2. **Control schema applied:** same connection, `\dt dwh_control.*` lists `extract_watermarks`, `extract_runs`.
3. **Watermarks seeded:** `SELECT * FROM dwh_control.extract_watermarks;` returns 6 rows, all with `last_extracted_at = 2026-01-01`.
4. **Roles created:** `\du` lists `dwh_owner` and `dwh_ro`; `postgres` superuser no longer used for n8n.
5. **n8n credentials:** Test each credential individually in n8n UI — all three connect successfully (source via internal network, target via `31.97.44.246:5888` with `sslmode=require`).
6. **Rustfs path exists:** `aws --endpoint ${RUSTFS_ENDPOINT} s3 ls s3://fleet-db/dwh/` — if missing, create `exports/` and `processed/` prefixes.

### First-run verification (manually trigger Workflow 1)
1. `SELECT * FROM dwh_control.extract_runs ORDER BY run_id DESC LIMIT 20;` — 8 rows (one per table processed), all `status='loaded'`.
2. `SELECT table_name, rows_loaded_last_run FROM dwh_control.extract_watermarks;` — non-zero for all incremental tables that have source data.
3. Row-count parity:
   ```sql
   -- on source (tracksolid_db, Coolify internal)
   SELECT COUNT(*) FROM tracksolid.position_history;
   -- on target (tracksolid_dwh @ 31.97.44.246:5888)
   SELECT COUNT(*) FROM bronze.position_history;
   ```
   Numbers should match ± rows inserted in the narrow window between the two queries.
4. **Geometry round-trip check:**
   ```sql
   SELECT ST_AsText(geom) FROM bronze.position_history LIMIT 5;
   -- should return valid POINT(lng lat) values, not NULL or garbage
   ```
5. **Rustfs audit:** `aws s3 ls s3://fleet-db/dwh/processed/` — 8 CSV files present (one per table), originals no longer in `exports/`.

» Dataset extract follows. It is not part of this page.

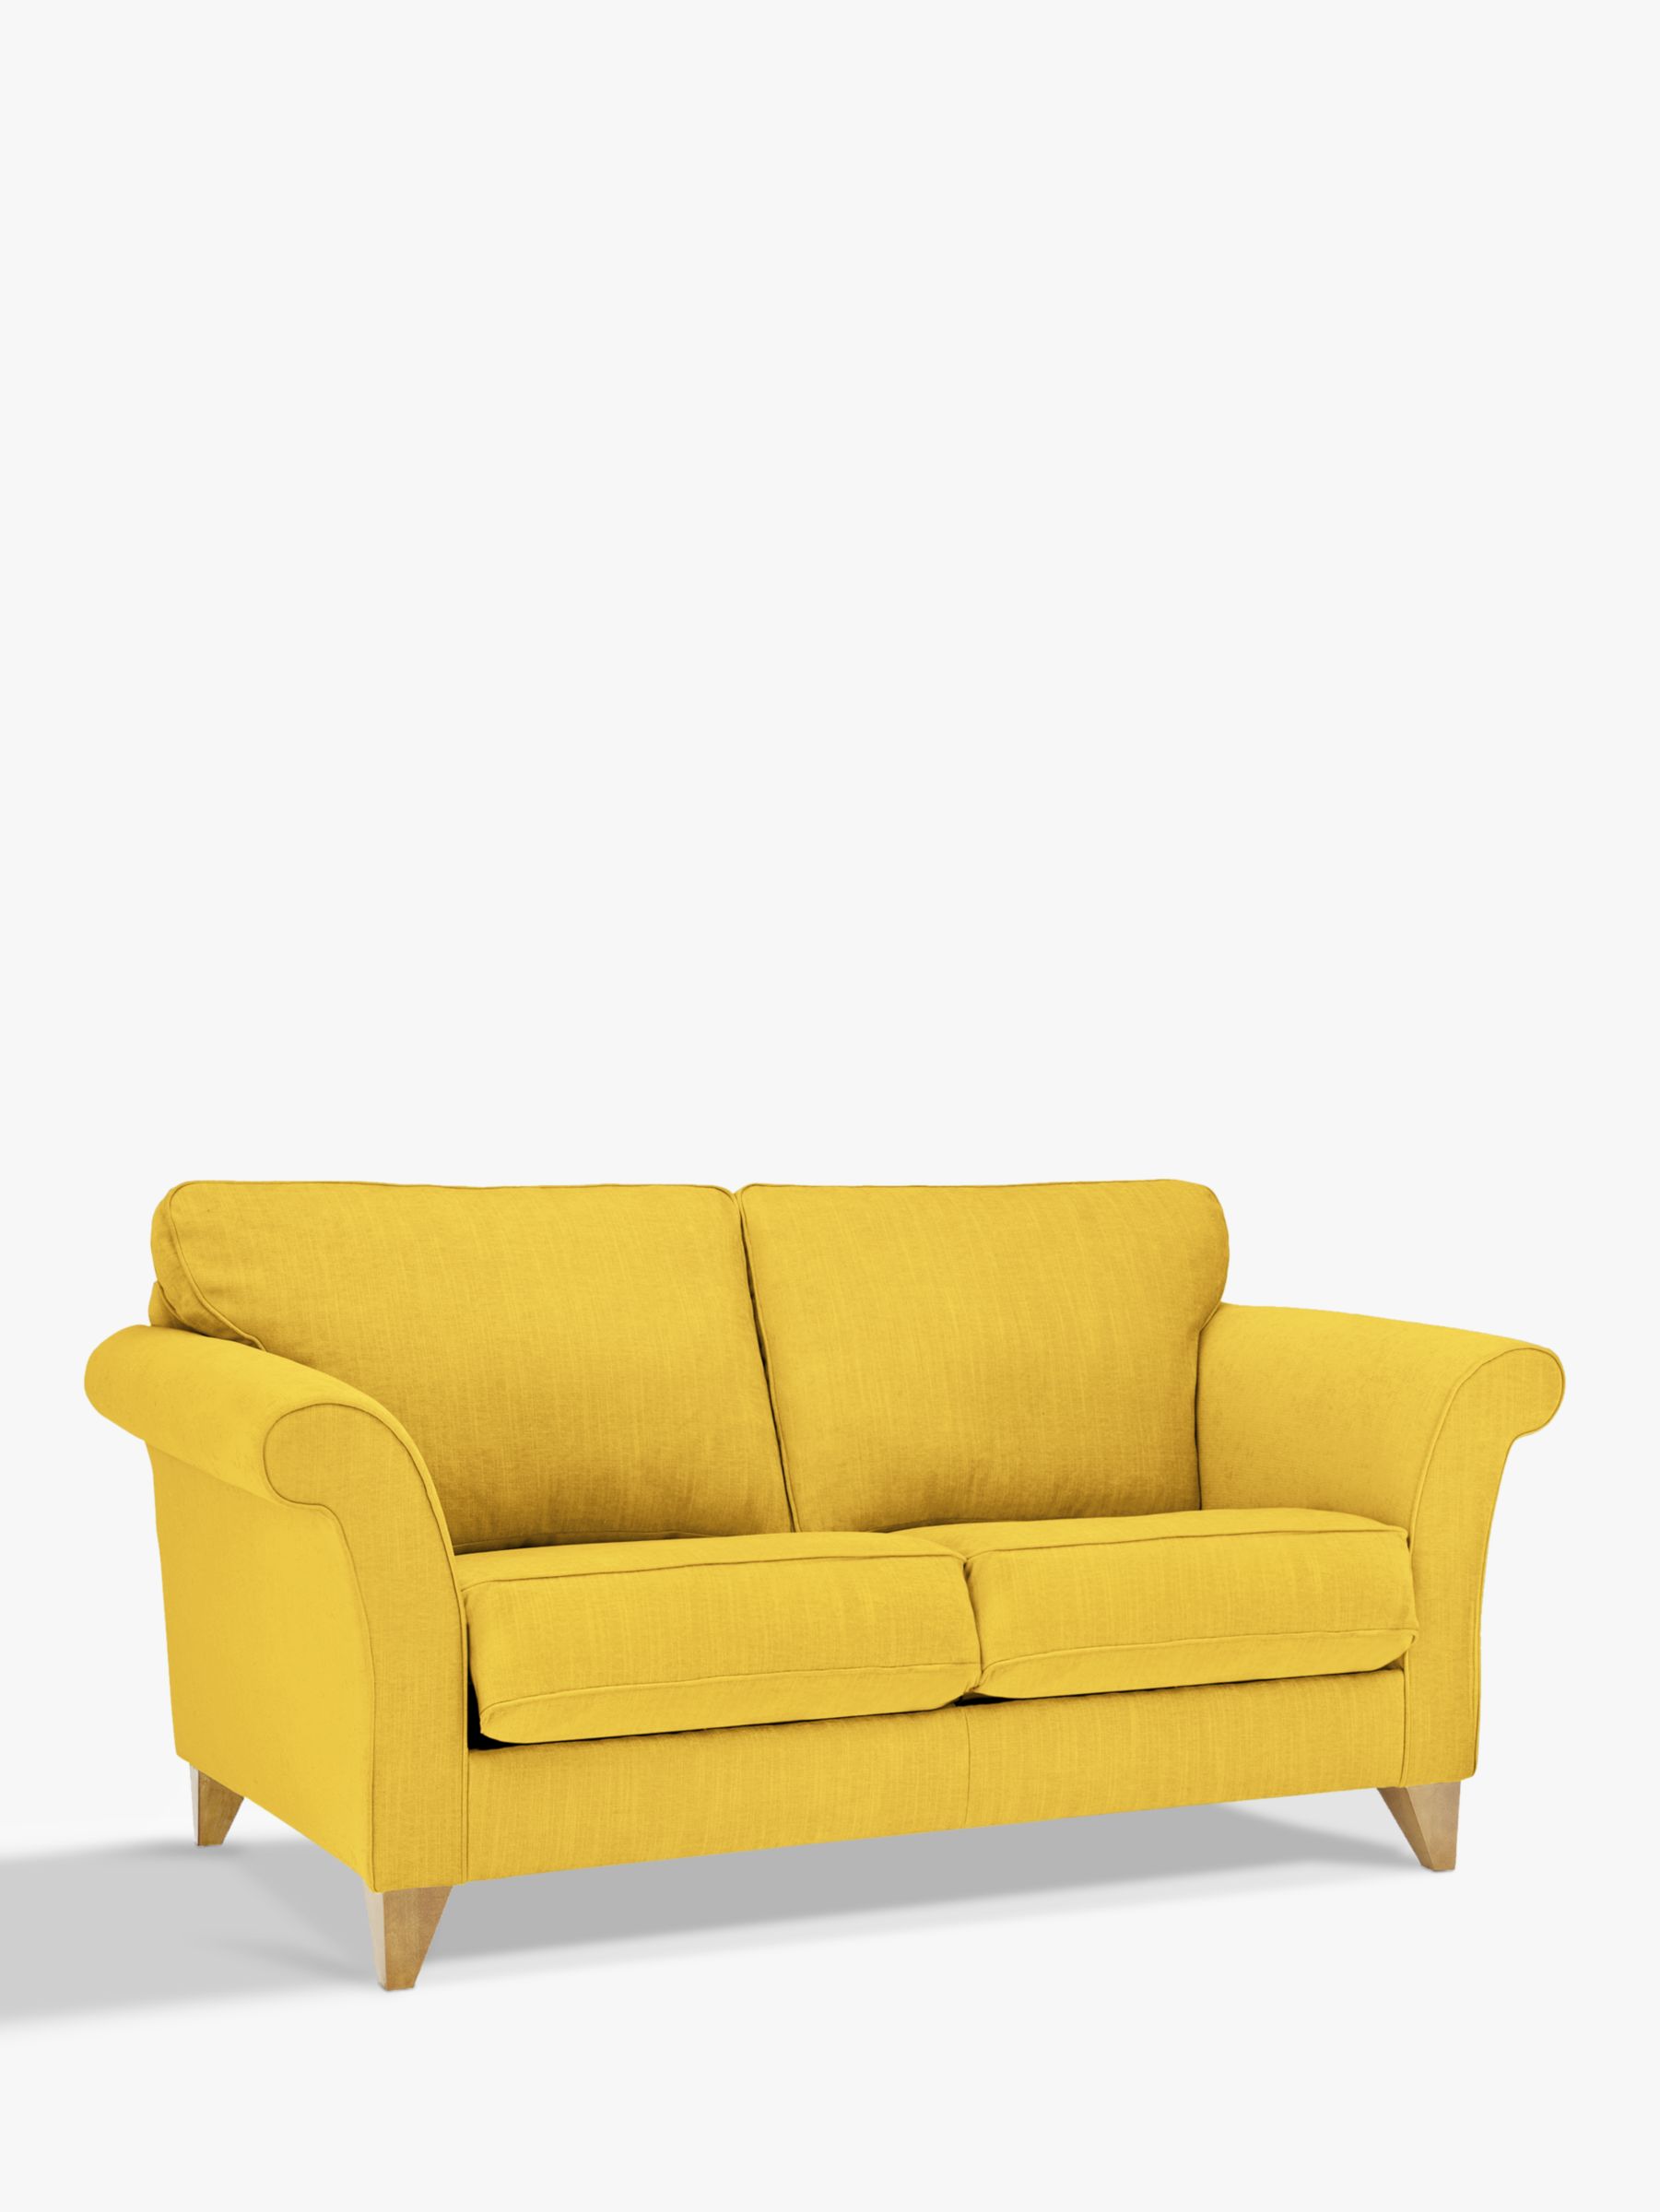 John Lewis & Partners Charlotte Medium 2 Seater Sofa, Light Leg

### Steady-state verification (after 24h / 7 runs)
1. `SELECT table_name, NOW() - MAX(run_finished_at) FROM dwh_control.extract_runs WHERE status='loaded' GROUP BY 1;` — max lag < 3h 15min for every table.
2. `SELECT COUNT(*) FROM dwh_control.extract_runs WHERE status='failed';` — zero.
3. Grafana dashboard (to be added in a follow-up plan) shows freshness and row counts per table.

---

## Out of Scope (follow-up work)

- Silver/gold layer transformations (the DWH DDL defines schemas but no queries yet).
- Bronze schema evolution tooling (manual migrations are acceptable for one pipeline).
- Backfill of tables where webhooks aren't yet registered (OBD, fuel, temperature, LBS).
- Grafana dashboard panels for the DWH — worth its own spec once we have a week of data to design around.

---

## Open Questions (none blocking)

All design decisions resolved in the brainstorming session. Confirmed:
- Source: `tracksolid_db` on Coolify, reached via internal Docker network.
- Target: `tracksolid_dwh` at `31.97.44.246:5888` (public IP), schemas `bronze`/`silver`/`gold` + `dwh_control`.
- Trial connections already working in n8n.

If any endpoint/credential changes during implementation, those are n8n-credential updates only — no design change.